▶ Directions:
Begin at the line that holds "Sau fashion show" and copy each line exactly until the data below ends, including that last line but no pictures.

▶ Data segment:
>>>>

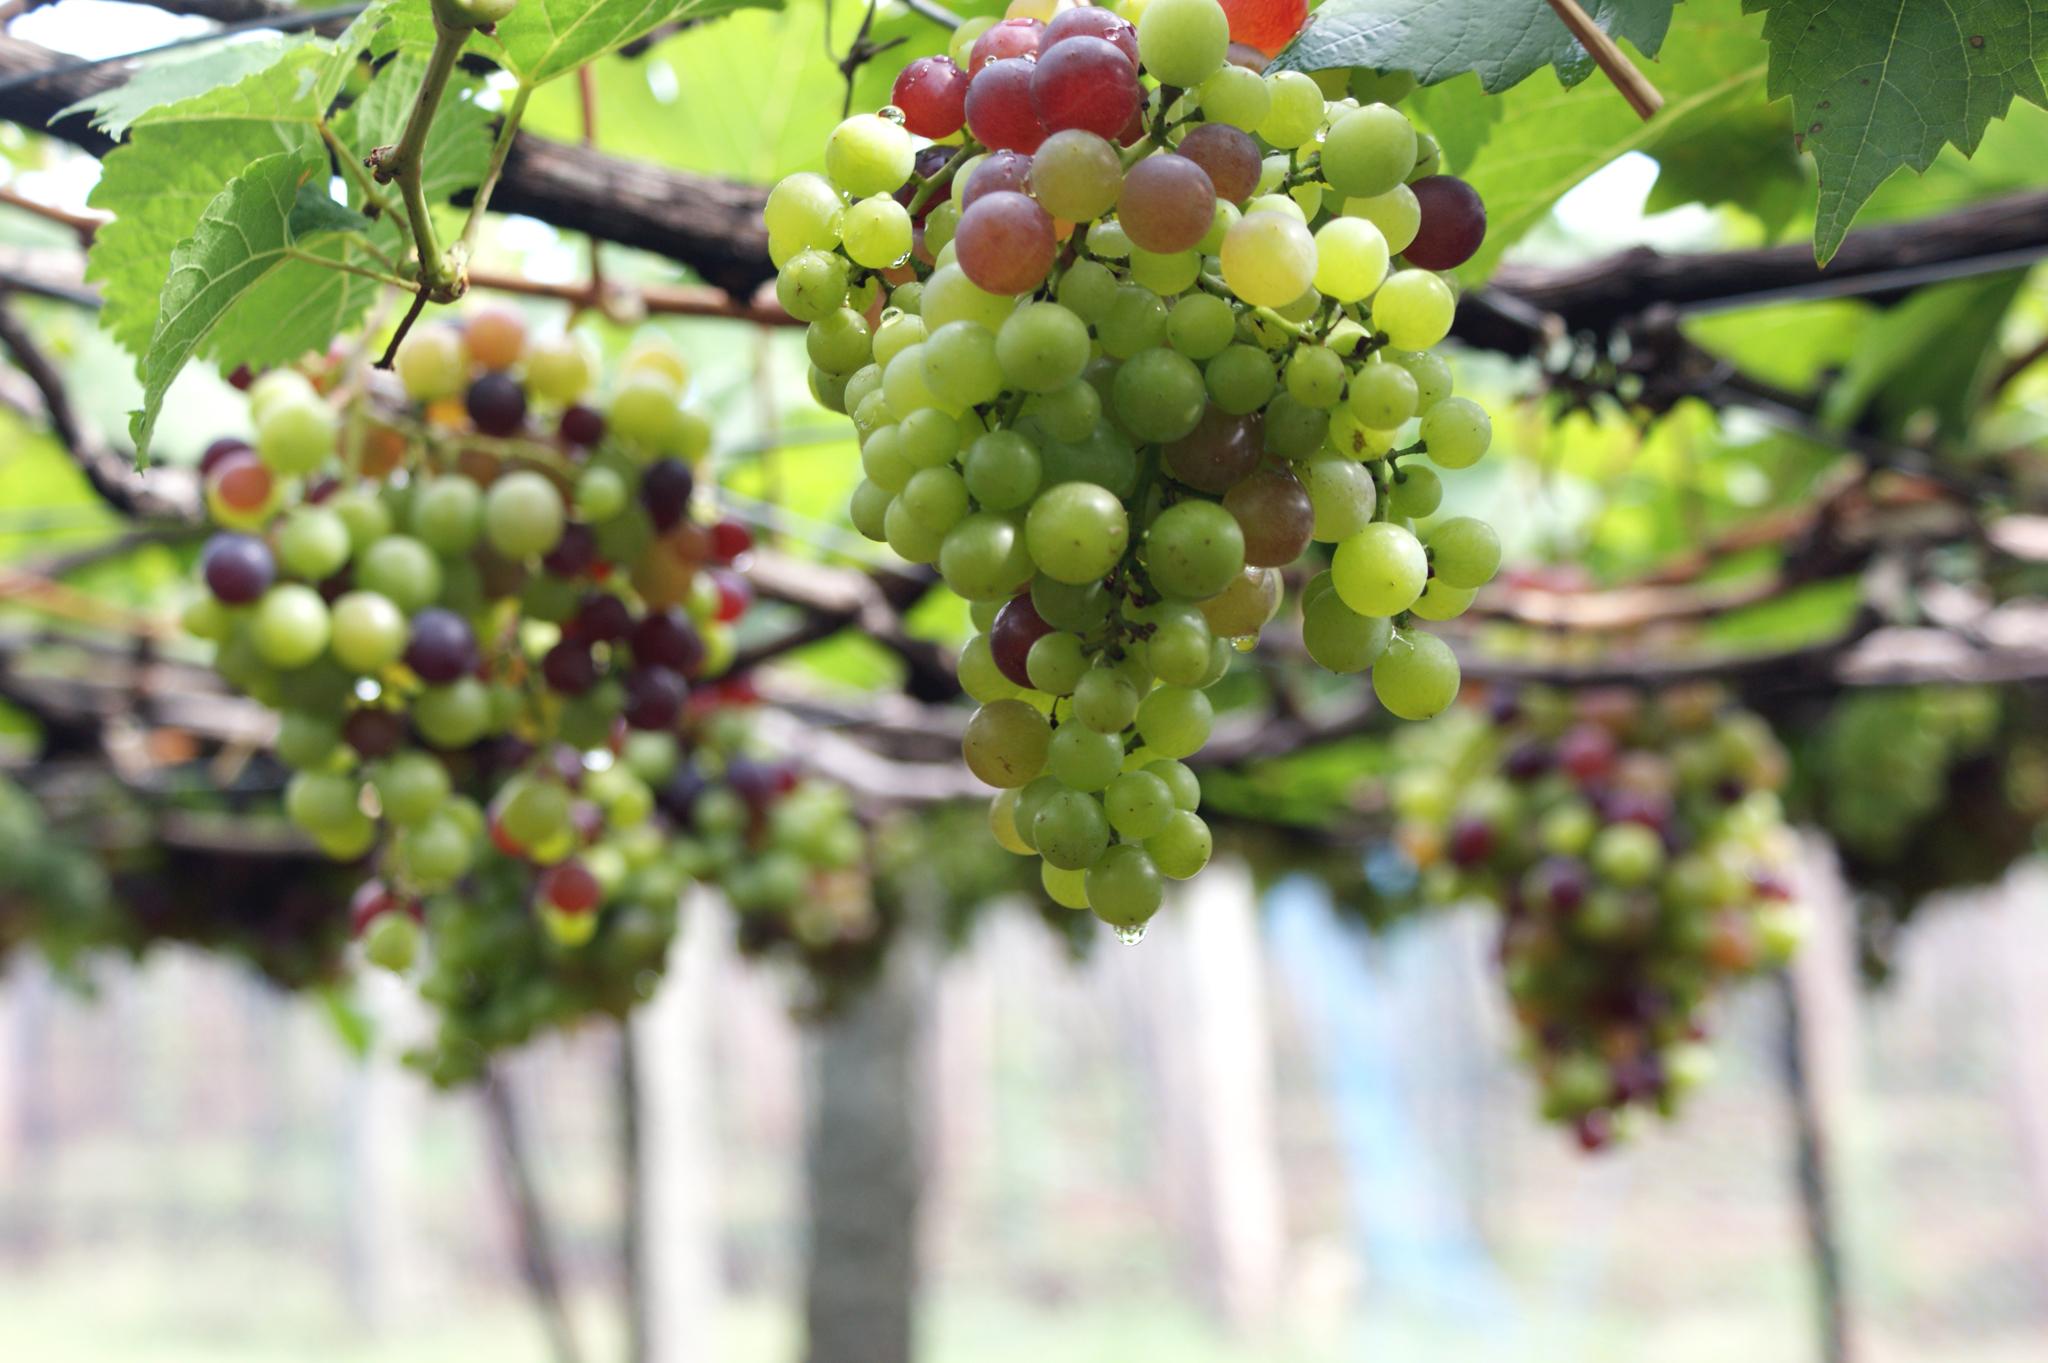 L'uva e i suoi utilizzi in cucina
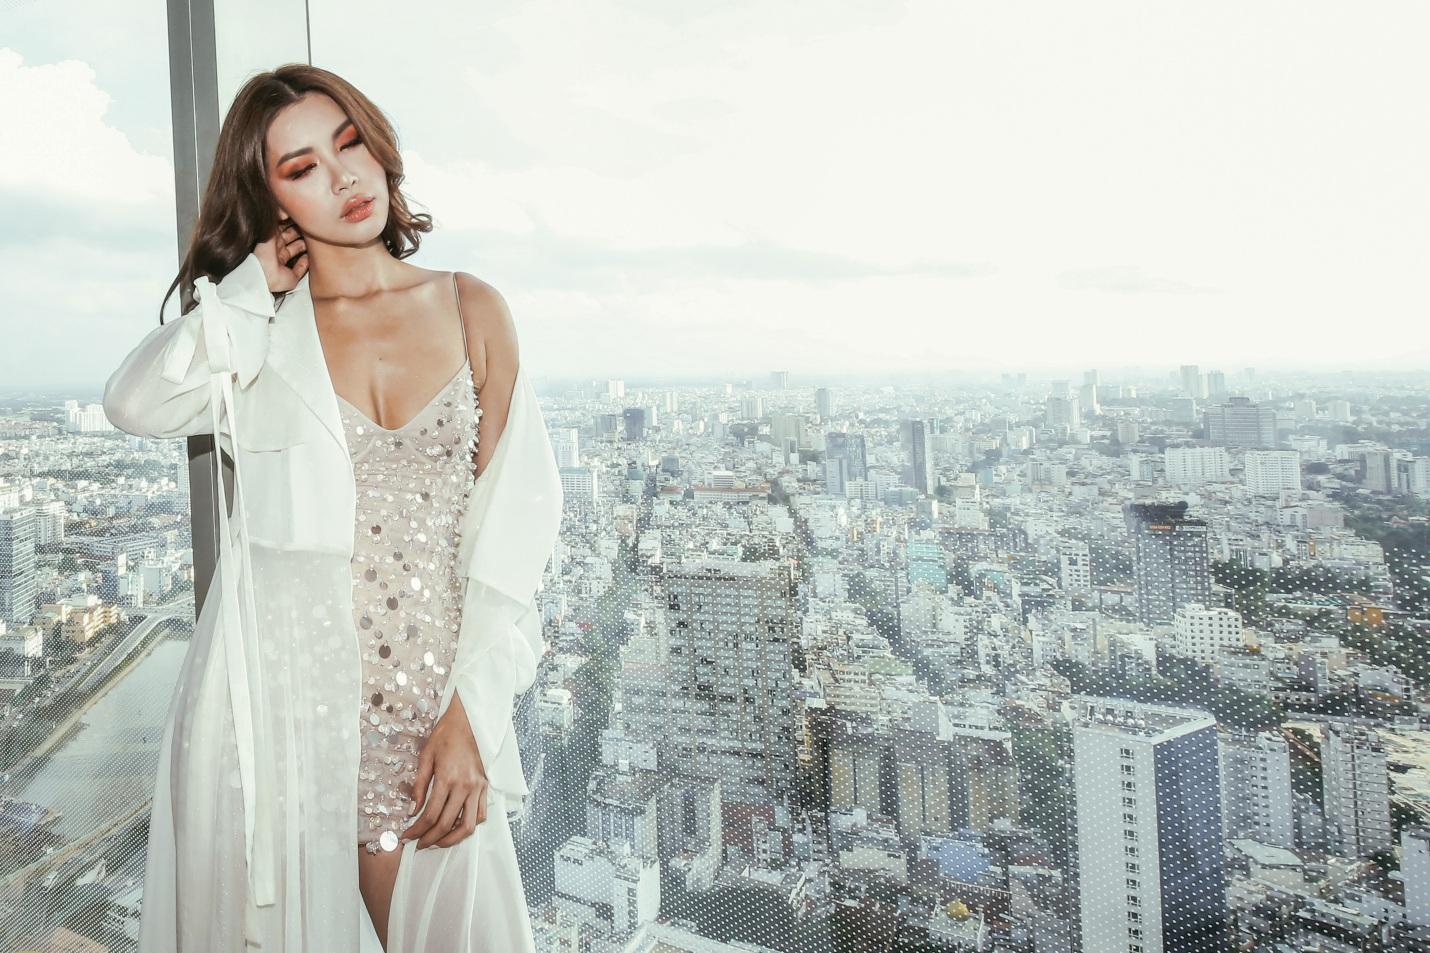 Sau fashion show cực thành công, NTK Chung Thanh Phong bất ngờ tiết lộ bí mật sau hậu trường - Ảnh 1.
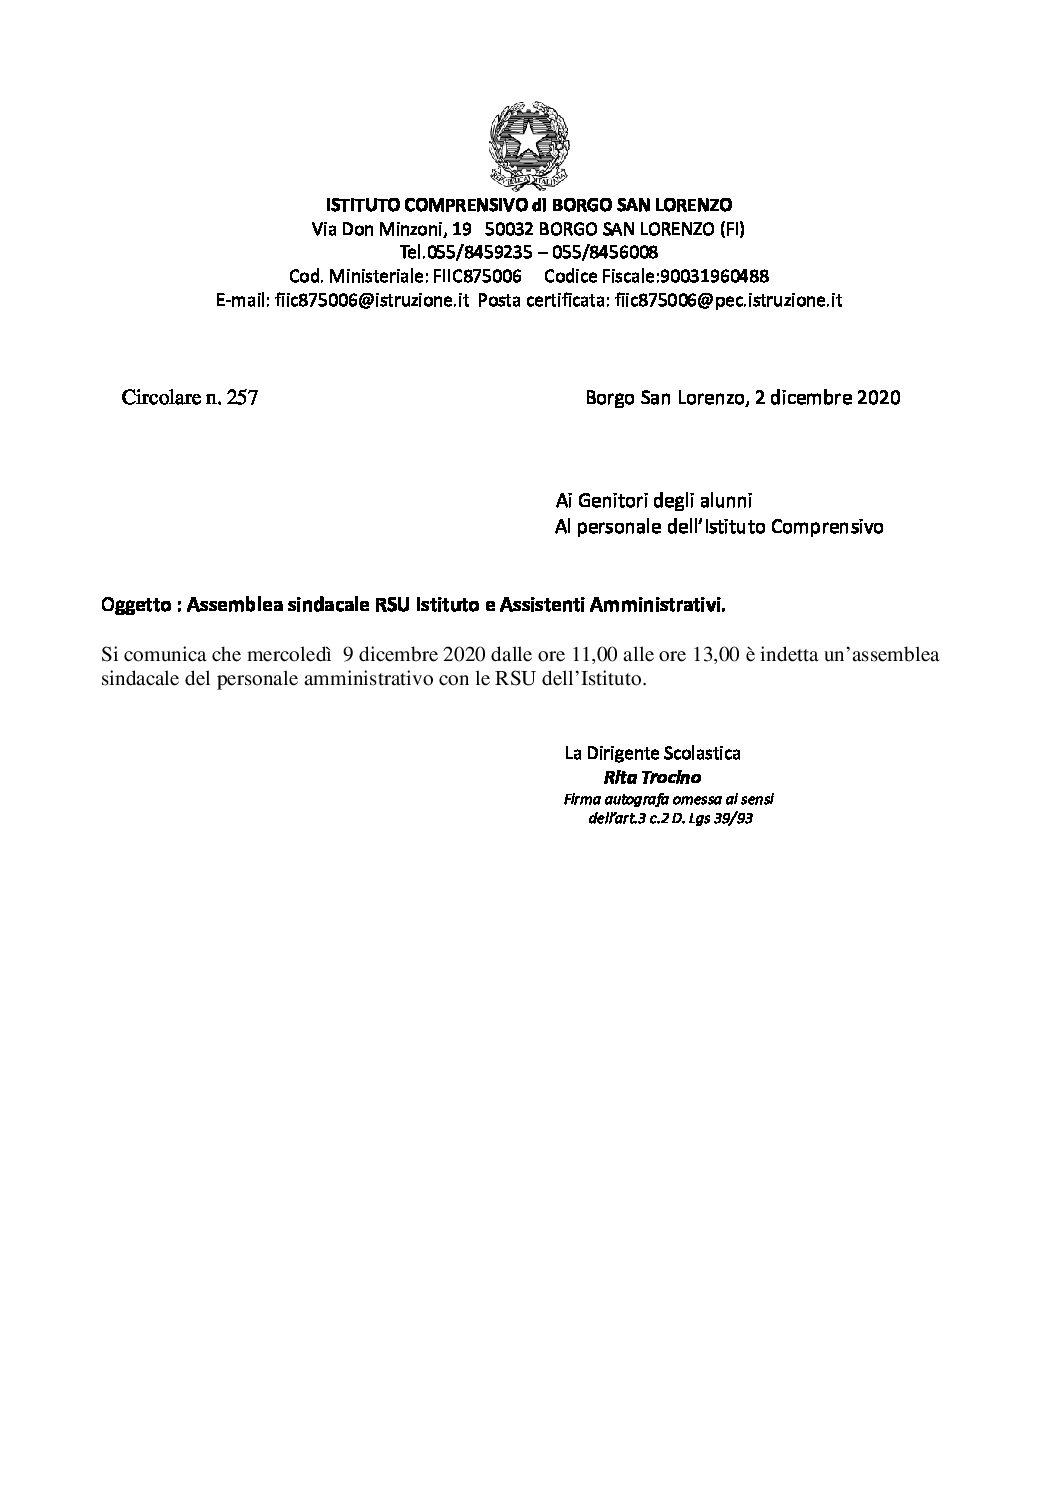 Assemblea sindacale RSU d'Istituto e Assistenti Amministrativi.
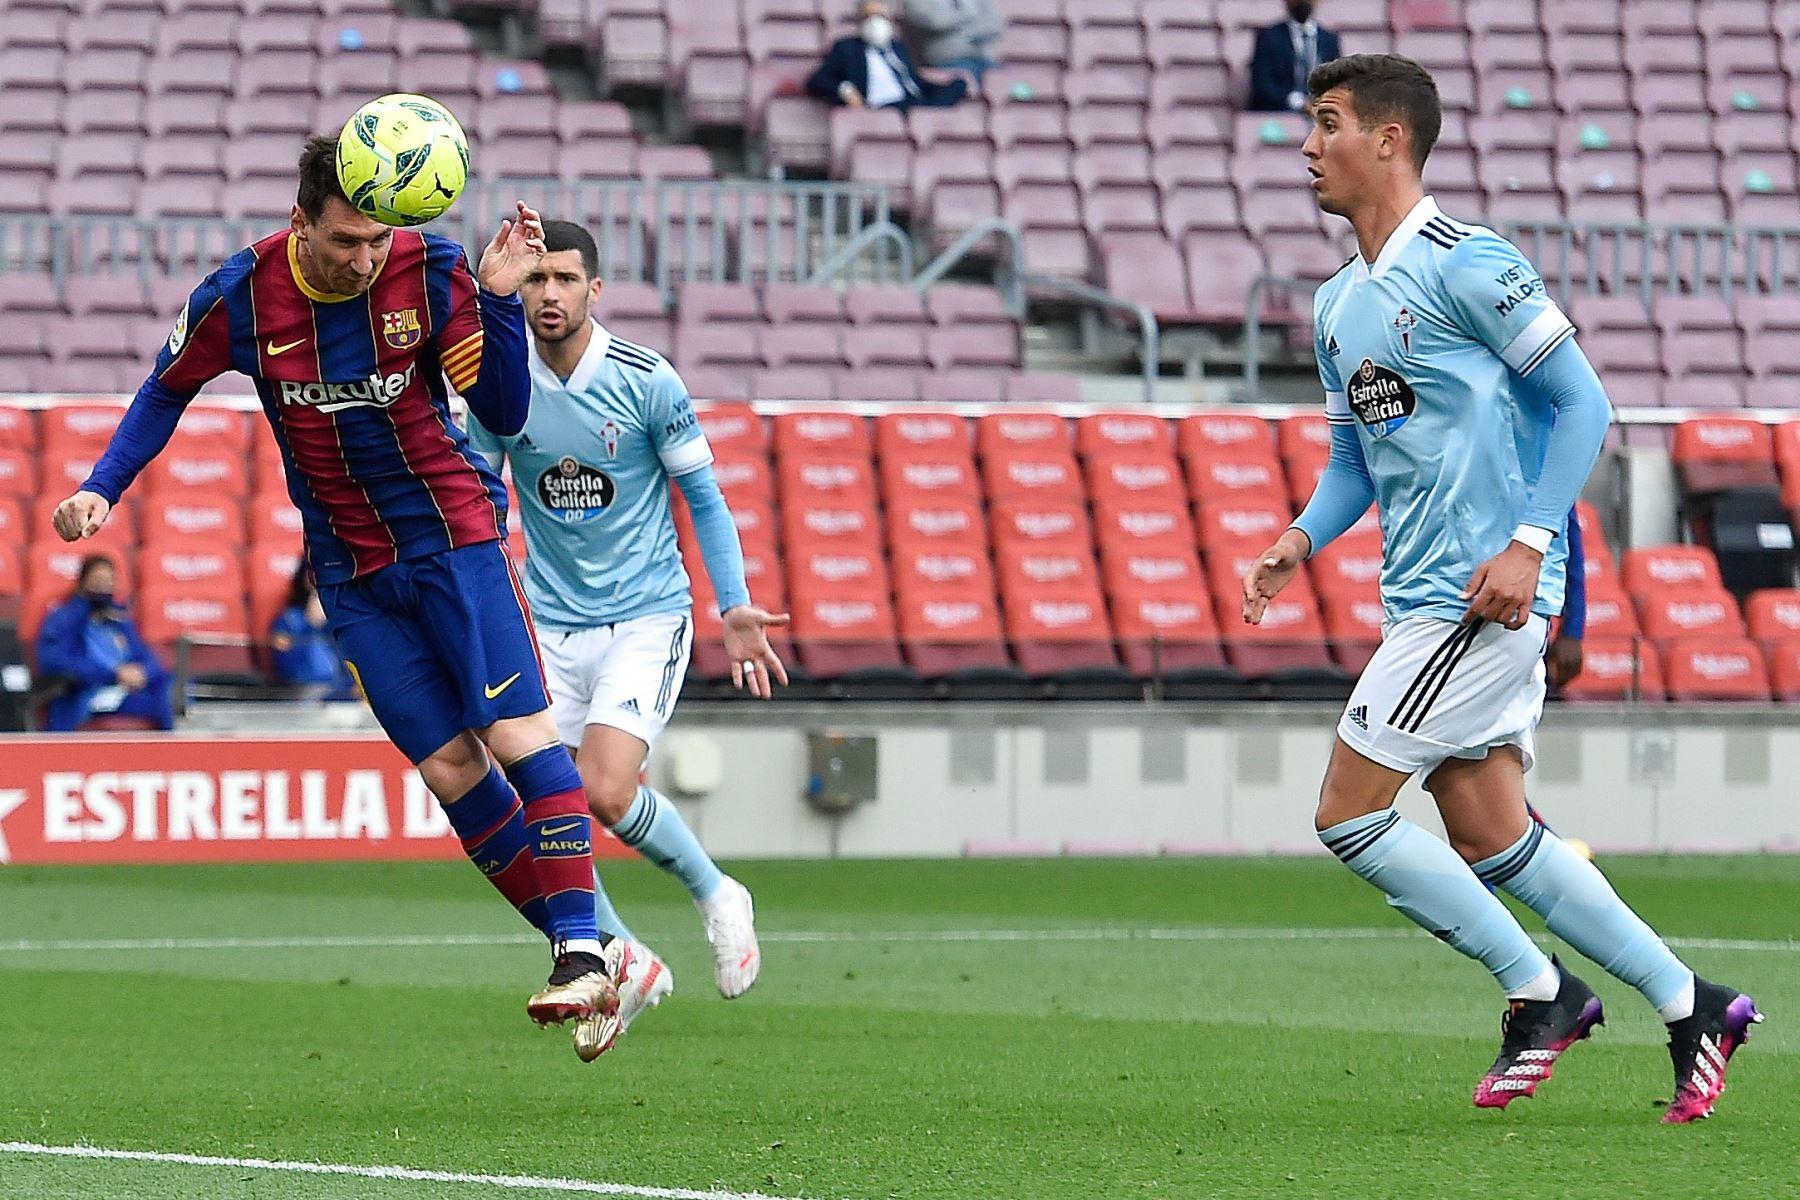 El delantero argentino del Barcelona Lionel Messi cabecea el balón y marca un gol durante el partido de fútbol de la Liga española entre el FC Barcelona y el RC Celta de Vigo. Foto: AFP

<<<<

▶ Completed exercise:
 Sau fashion show cực thành công, NTK Chung Thanh Phong bất ngờ tiết lộ bí mật sau hậu trường - Ảnh 1.
 Assemblea sindacale RSU d'Istituto e Assistenti Amministrativi.
 El delantero argentino del Barcelona Lionel Messi cabecea el balón y marca un gol durante el partido de fútbol de la Liga española entre el FC Barcelona y el RC Celta de Vigo. Foto: AFP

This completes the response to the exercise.